Public airwaves talkback

datePosted on 17:15, May 4th, 2010 by Lew


Normally Radio NZ National’s The Panel is a pretty sound — if somewhat fluffy — current affairs show, in which the panelists are ideologically fairly diverse (though not occupationally diverse; mostly celebrities, PR flacks, or newspaper columnists). They tend to leave aside their more extravagant views to engage in a fairly civil and reasoned manner.

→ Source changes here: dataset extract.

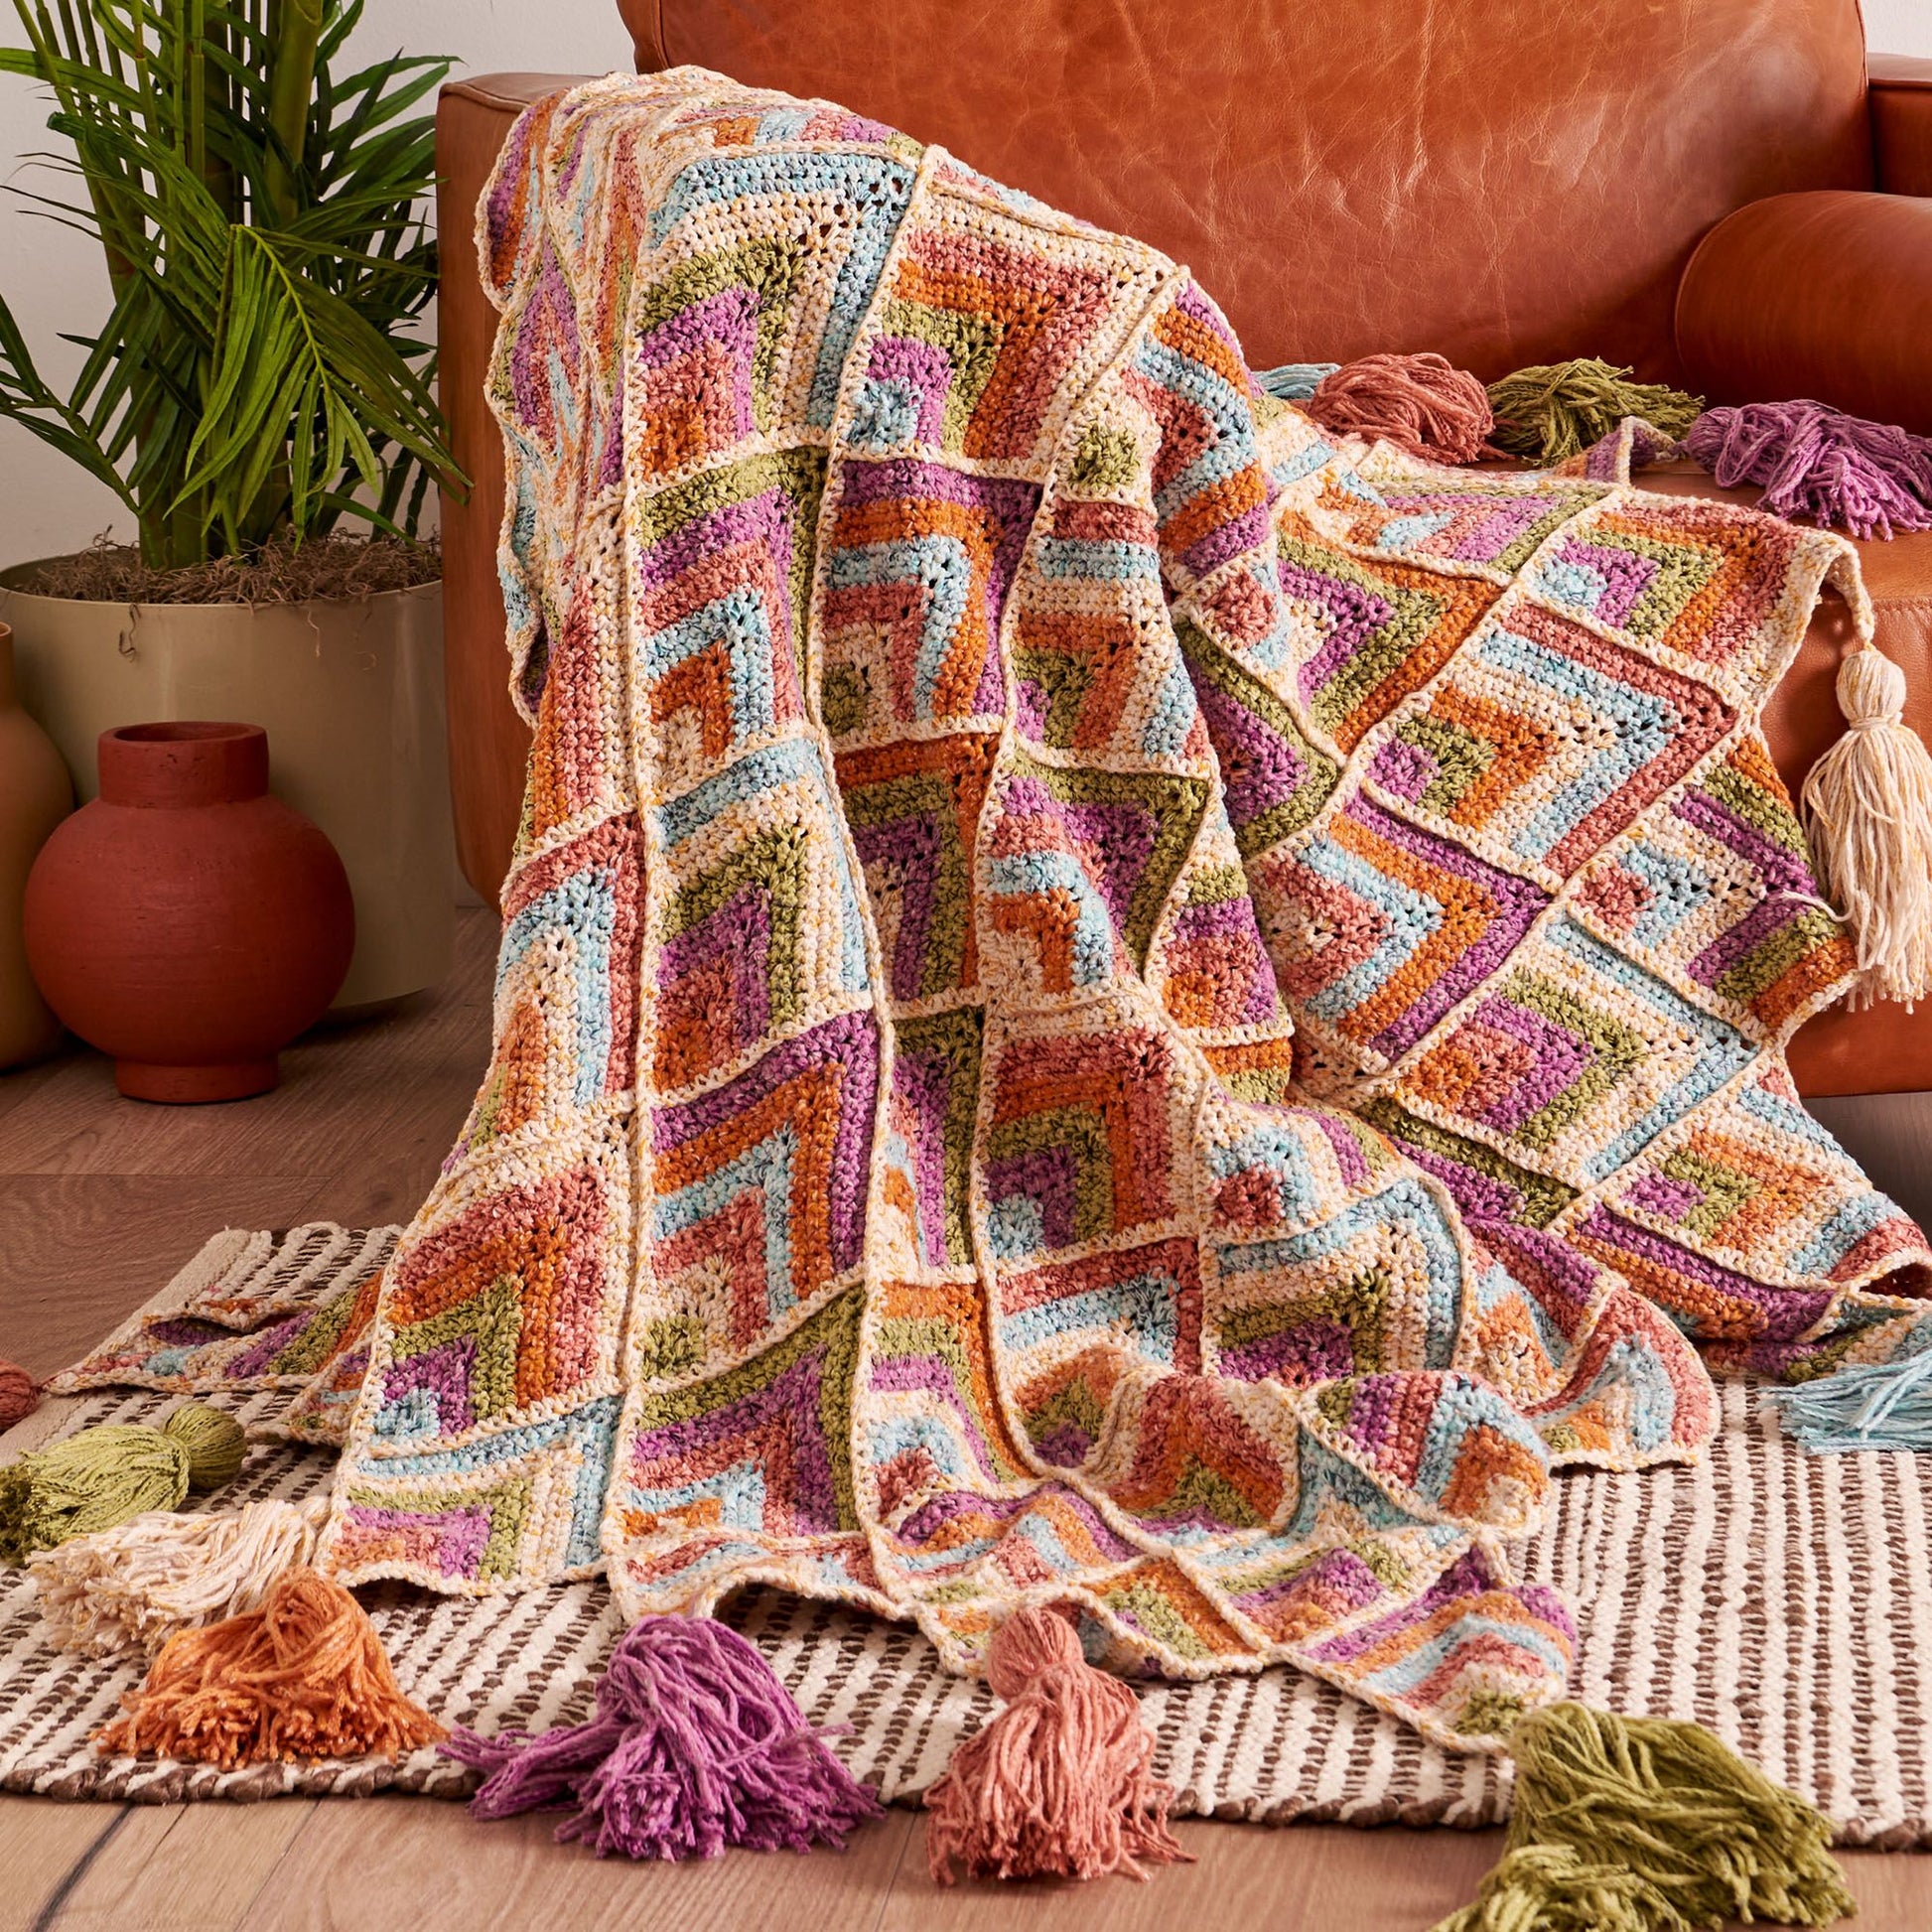 Free Bernat Peaks and Valleys Crochet Blanket Pattern

But when The Panel happens to have two people of similar ideological views or a common background, it tends to turn into an echo-chamber of congratulatory backslapping. Today it’s nothing more than talkback for self-righteous wealthy middle-aged people who — since they’re listening to National Radio — think talkback is beneath them, but like to have a good whinge about how society’s going to the dogs anyway. The guests are private investigator Julia Hartley Moore and former cop and current Police Ten-7 presenter Graham Bell, and the topics for discussion (and general timbre) are as follows (From memory, so I may omit some, but you get the idea):

  • TV harmful for very young children: “We never had TV in my day, we went outside! Parents are using TV as a babysitter! Never did that in my day! TV is rotting childrens’ brains! There’s no excuse for ever doing anything other than what’s perfect, we always did!”
  • Cellphones used to arrange and record fights: “I told you cellphones were bad, never come to any good, those things. We never had cellphones in my day, and even if we had them we’d never have gotten into fights. And even when we got into fights, it was all posturing, really, and nobody ever actually got hurt. It’s the parents’ fault, letting their kids watch TV.”
  • Kent State massacre 40th anniversary: “Yeah, that was pretty bad.”
  • People throwing litter from cars: “I can’t believe people do that, and people with flash cars as well! Never would have happened in my day.”
  • Young people should be allowed to drink because they can vote and fight for their country: “I don’t think they should be allowed to do any of those things! In my day we got a bit pissed, and some of us still do, but that was different. These new alco-pops are ruining society! I blame the parents, what are they doing about this? Disgraceful.”
  • No service at service stations: “PC OSH nanny state gone mad! Old ladies having to check their own oil and water? Total bollocks! Teenaged attendants who only take your money, was never like that in my day. And don’t get me started on pre-pay pumps…”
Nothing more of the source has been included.